Minimal Polynomial is Unique

Theorem

Let $L / K$ be a field extension.

Let $\alpha \in L$ be algebraic over $K$.

Then the minimal polynomial of $\alpha$ over $K$ is unique.

Let $f$ be a minimal polynomial of $\alpha$ over $K$ according to definition 1.

Let $g$ be another polynomial in $K \sqbrk x$ such that $\map g \alpha = 0$.

By the definition of minimal polynomial, $\map \deg f \le \map \deg g$, where $\deg$ denotes degree.

$g = q f + r$ and $\map \deg r < \map \deg f$.
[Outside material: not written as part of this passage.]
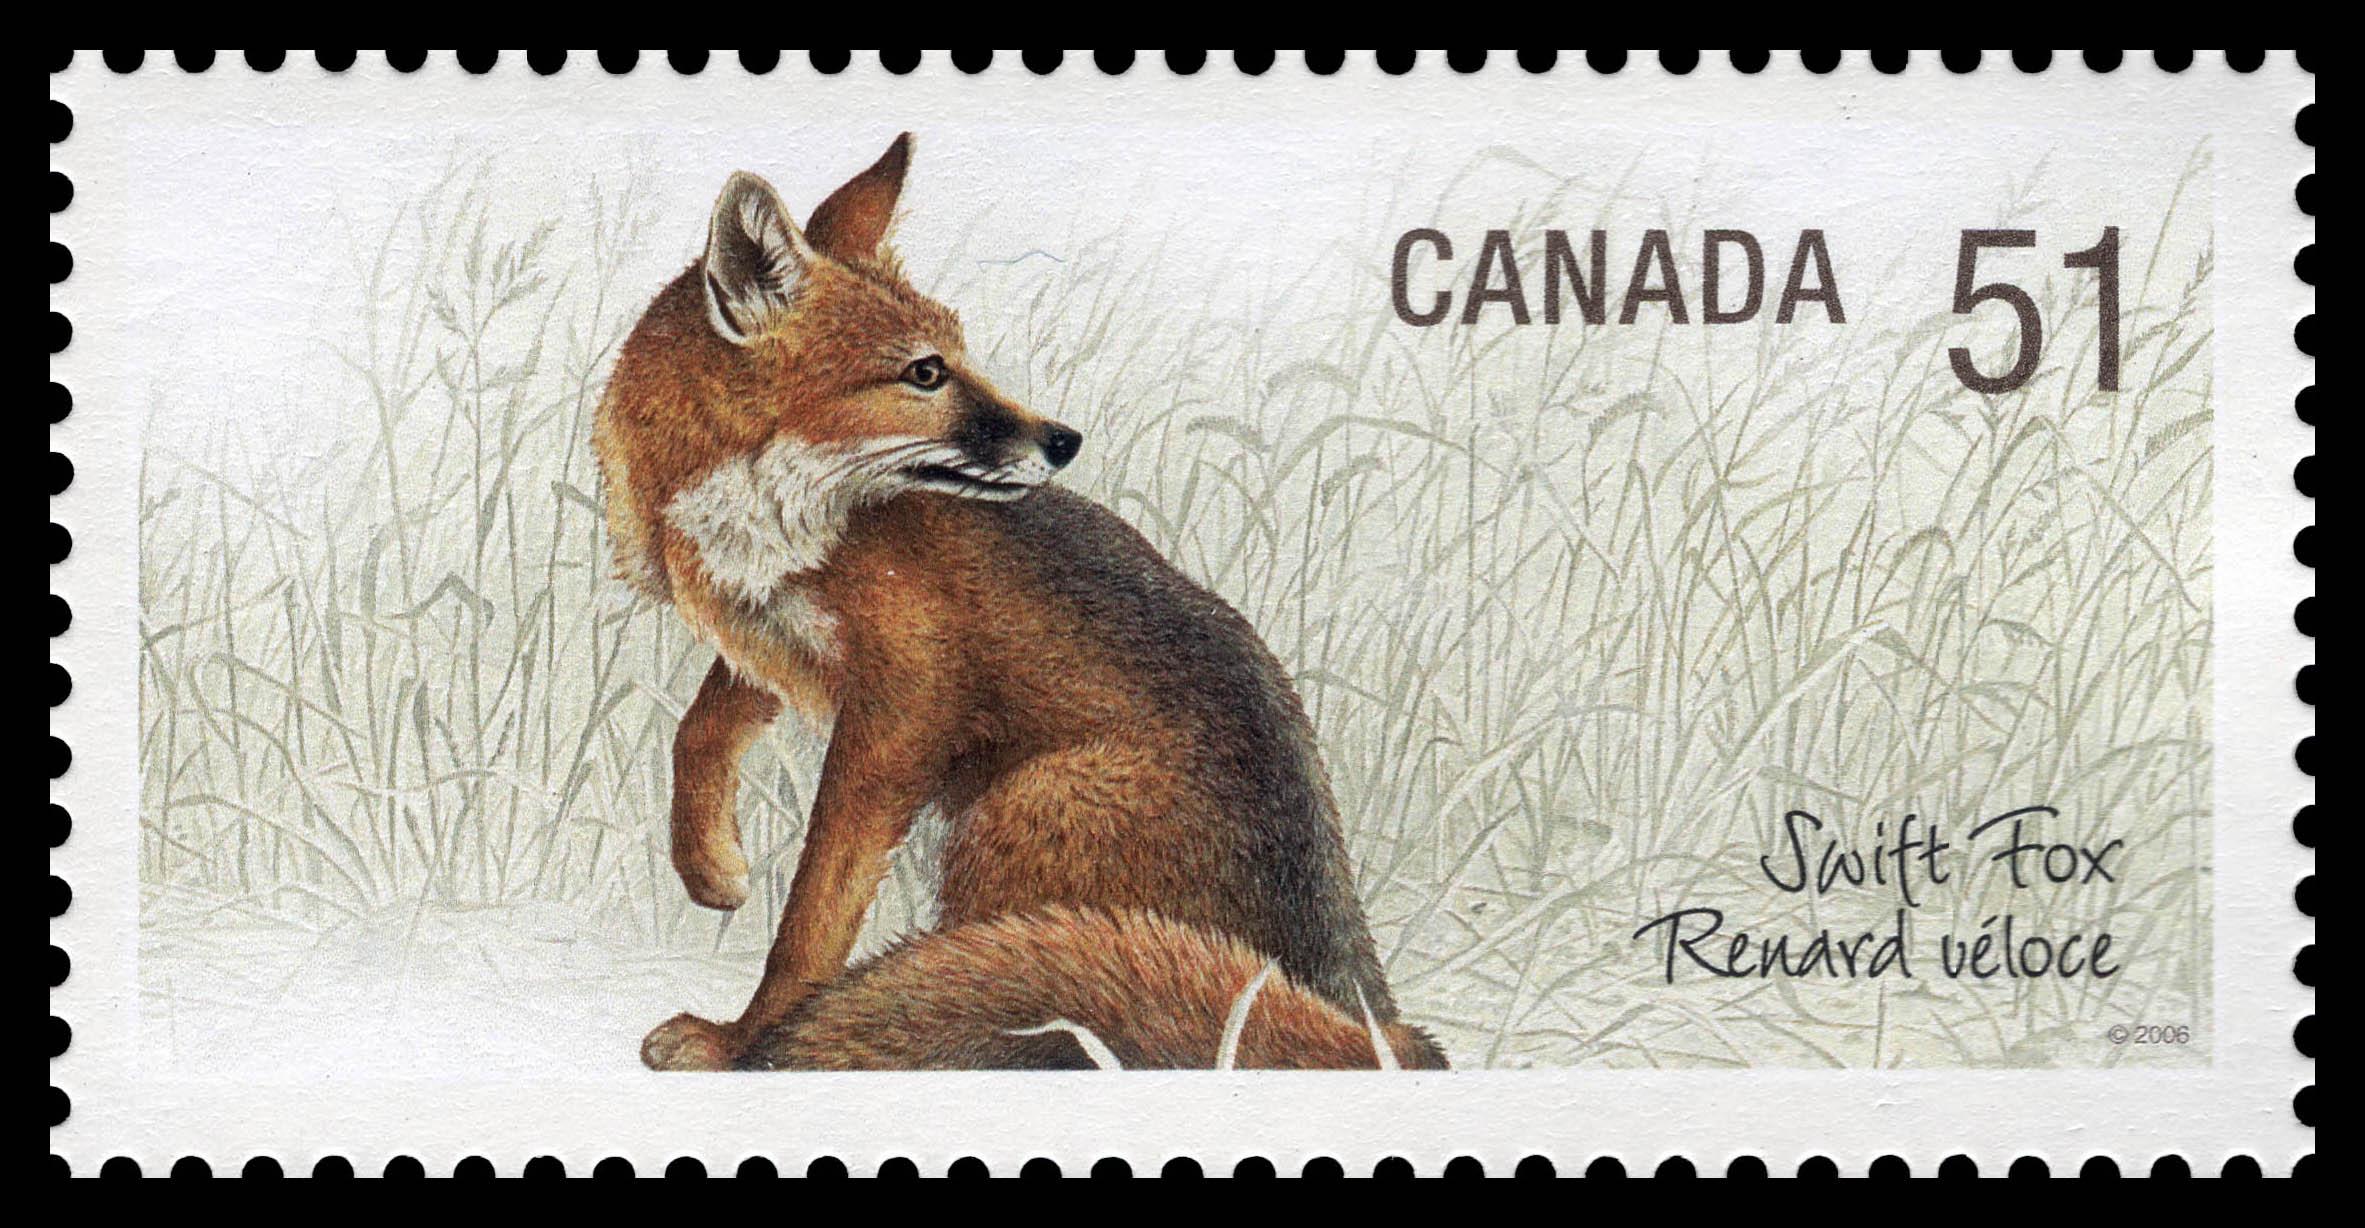 Swift fox Canada Postage Stamp

Suppose $\map \deg r > 0$.

Then evaluating both sides of the equation above at $\alpha$, we obtain $\map r \alpha = 0$.

This contradicts the minimality of the degree of $f$.
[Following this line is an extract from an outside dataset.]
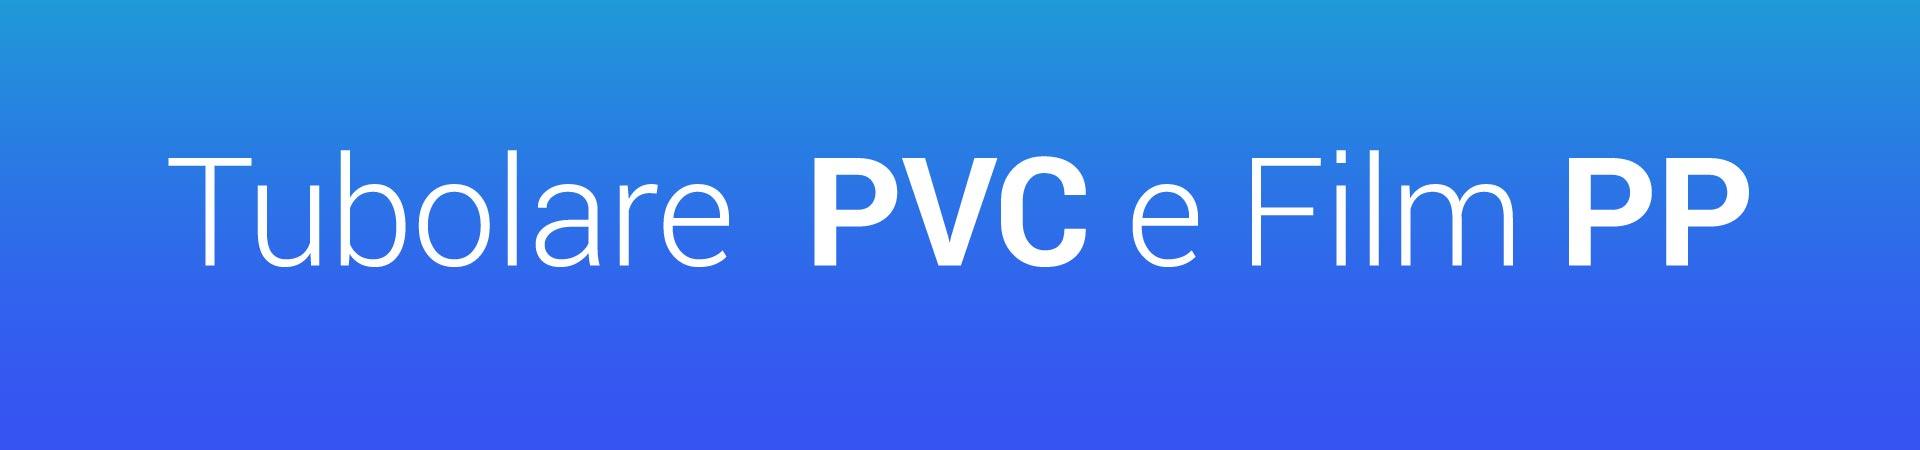 Tubolare-PVC-e-Film-PP

Thus, $r$ is constant and equal to $0$.

We have now shown that $f$ divides all polynomials in $K \sqbrk x$ which vanish at $\alpha$.
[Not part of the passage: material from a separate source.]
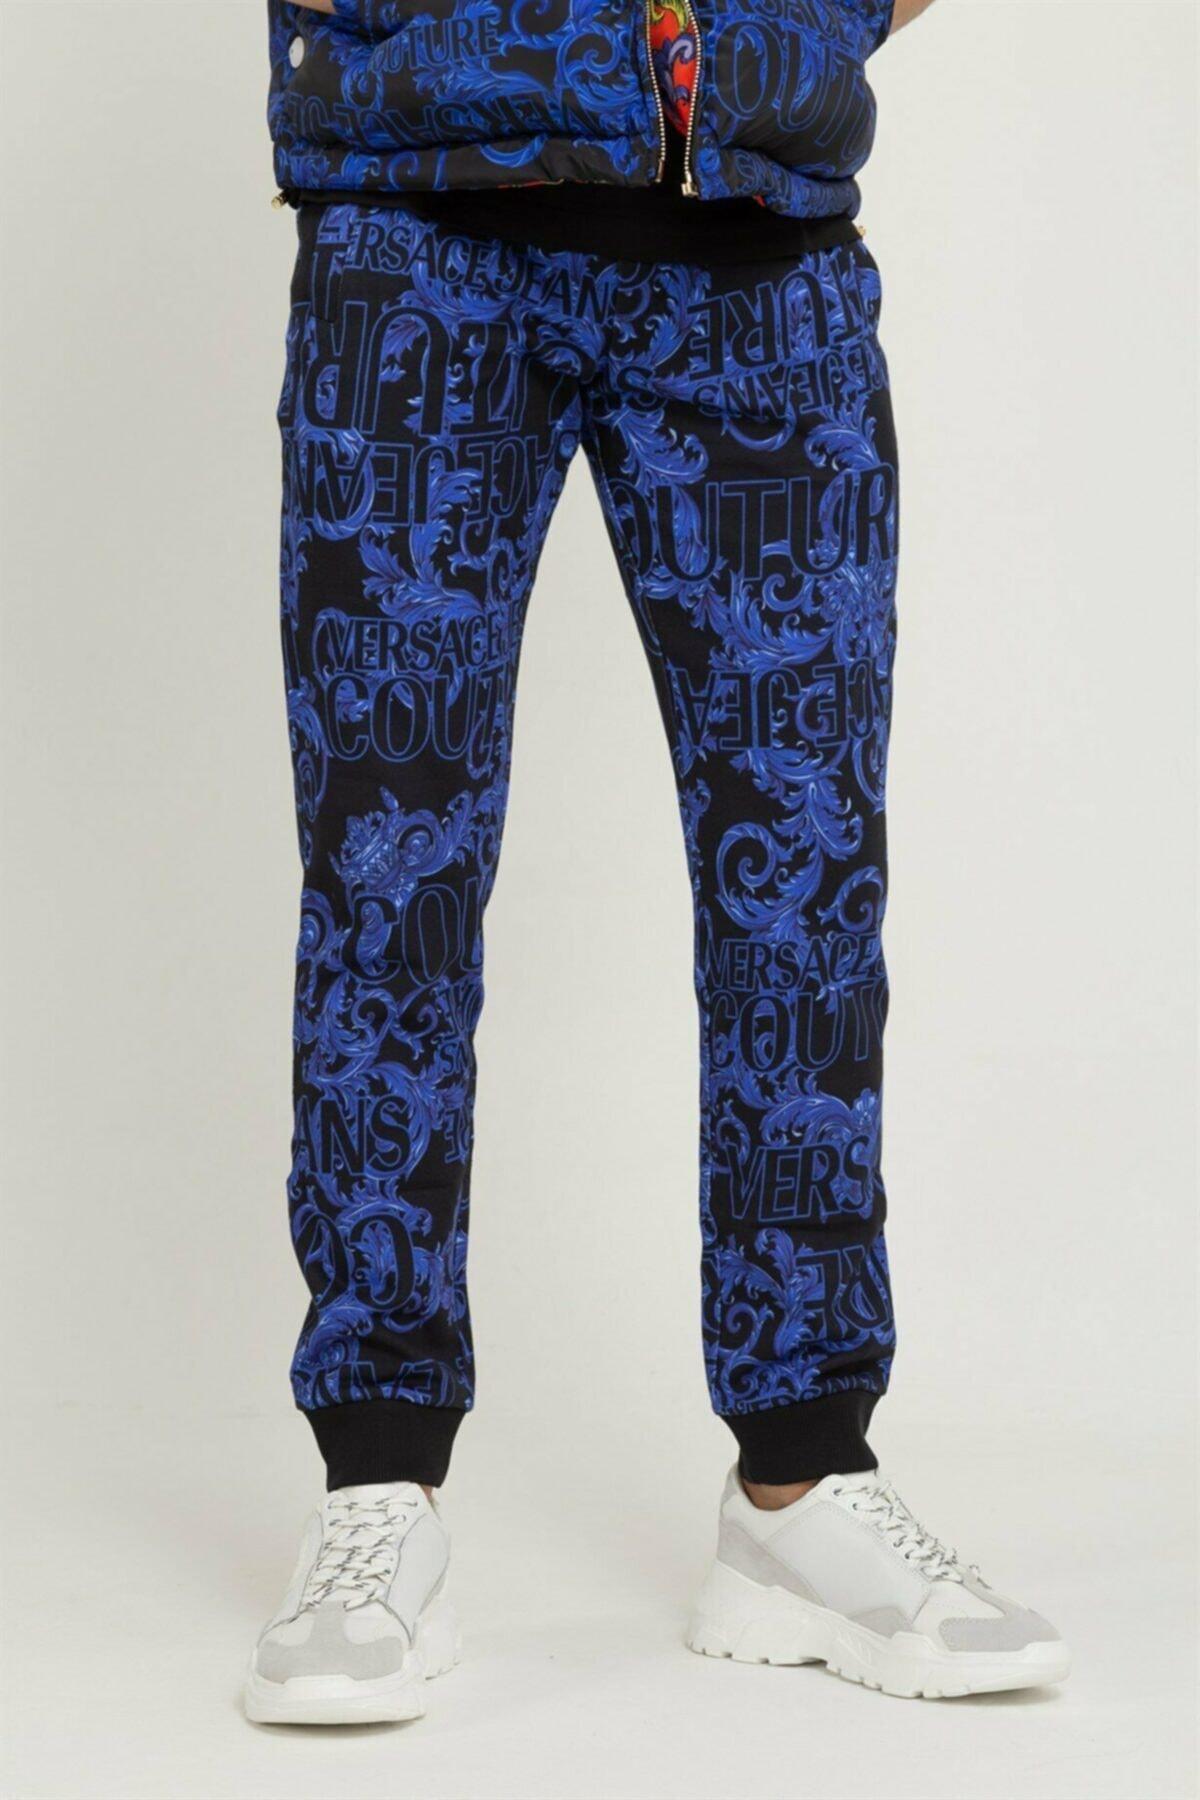 Versace Jeans Couture Baskılı Erkek Pantolon

By the monic restriction, it then follows that $f$ is unique.

$\blacksquare$

Let $f, g \in K \sqbrk x$ be minimal polynomials for $\alpha$ according to definition 2.

That is, let $f$ and $g$ be irreducible monic polynomials in $K \sqbrk x$ with $\map f \alpha = \map g \alpha = 0$.

Suppose $f$ and $g$ are distinct.

Then $f$ and $g$ are coprime.

Thus there exist polynomials $a, b \in K \sqbrk x$ with $a f + b g = 1$.

Taking the evaluation homomorphism in $\alpha$, we obtain the contradiction that $0=1$.

$\blacksquare$